2022-06-05 01:05:14 +01:00 · 2022-06-05 01:05:14 +01:00 · f8661ac889
commit f8661ac889
parent cd02c5d7fb
1 changed files with 190 additions and 42 deletions
--- a/report.md
+++ b/report.md
@ -21,11 +21,11 @@ Attribute        | Classification
 `marital-status` | QID
 `occupation`     | QID
 `relationship`   | QID
-`race`           | Sensitive
+`race`           | QID
 `sex`            | QID
 `capital-gain`   | Sensitive
 `capital-loss`   | Sensitive
-`hours-per-week` | Insensitive
+`hours-per-week` | QID
 `native-country` | Insensitive
 `prediction`     | Insensitive

@ -44,7 +44,7 @@ attribute is classified as a QID.
 ### `workclass`

 This attribute presents a relatively low separation value (49.71%), and given how generic it is, it's
-deemed insensitive.
+deemed Insensitive.

 ### `fnlwgt`

@ -54,7 +54,7 @@ original dataset. This can be seen with the results below. Additionally, it's no
 to another auxiliary info dataset.

 ```bash
-tail -n '+2' adult_data.csv | awk -F',' '{count[$10] += $3;} \
+$ tail -n '+2' adult_data.csv | awk -F',' '{count[$10] += $3;} \
    END {for(sex in count){print sex, count[sex]}}'
 ```

@ -70,6 +70,8 @@ Table: Sum of `fnlwgt` for each `sex` {#tbl:sex_weight}
 The sum of these values is 6,179,373,392. This value is much larger than the population of the
 U.S.A., the origin of the dataset, which implies this attribute is not a count, as stated.

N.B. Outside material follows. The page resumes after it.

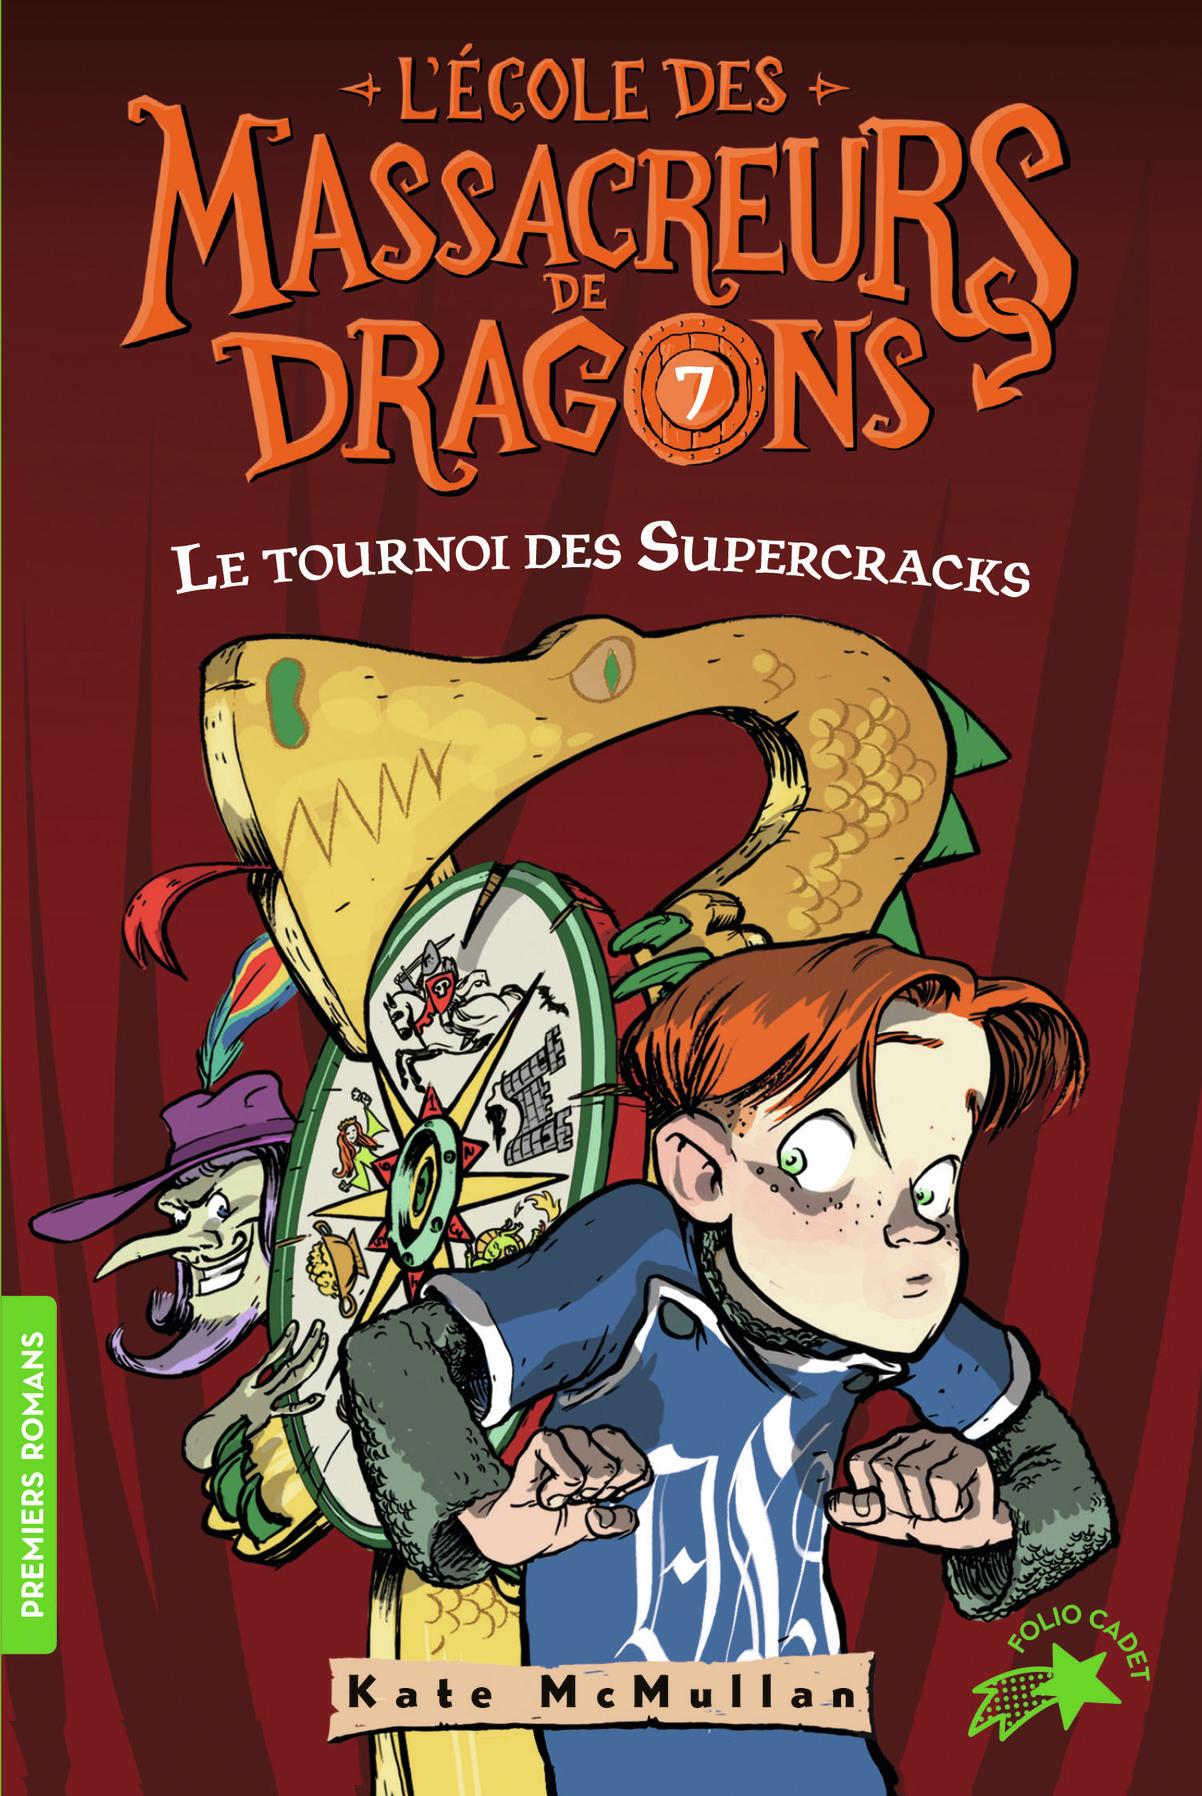 L'ECOLE DES MASSACREURS DE DRAGONS, 7 : LE TOURNOI DES SUPERCRACKS

+We also note there are substantially more Male than Female records (more than double the `fnlwgt`).
+
 ### `education`

 This attribute presents a separation of 80.96%, which is quite high, so this attribute is classified
@ -77,9 +79,17 @@ as a QID.

 ### `education-num`

-As a numerical representation of the `education` attribute, this attribute recieves the same
-classification, which is backed by the equally high separation value of 80.96%, so it's qualified as
-a QID.
+We exported the anonymized dataset and used the following command to verify there weren't any discrepencies between the
+`education` and `education-num` columns:
+
+```bash
+$ cat anonymized.csv | sed -r 's/,([^ ])/\t\1/g' | awk -F';' '{print $5, $4}' | sort -un
+```
+
+Since there was a one-to-one mapping, we concluded this was just a
+representation of the `education` attribute. As such, this attribute
+recieves the same classification, which is backed by the equally high
+separation value of 80.96%, so it's qualified as a QID.

 ### `marital-status`

@ -97,7 +107,7 @@ Given it's separation value of 73.21%, this attribute is classified as a QID.
 ### `race`

 This collumn presents some weirdly specified values (Amer-Indian-Eskimo), but has a separation of 25.98%; given the fact
-that this attribute could be cross referenced with other datases, it is classified as Sensitive, so
+that this attribute could be cross referenced with other datases, it is classified as a QID, so
 it may be transformed into more generic values.

 ### `sex`
@ -105,33 +115,178 @@ it may be transformed into more generic values.
 Despite the low separation value of 44.27%, this attribute is canonically classified as a QID, since
 it can be easily cross referenced with other datasets.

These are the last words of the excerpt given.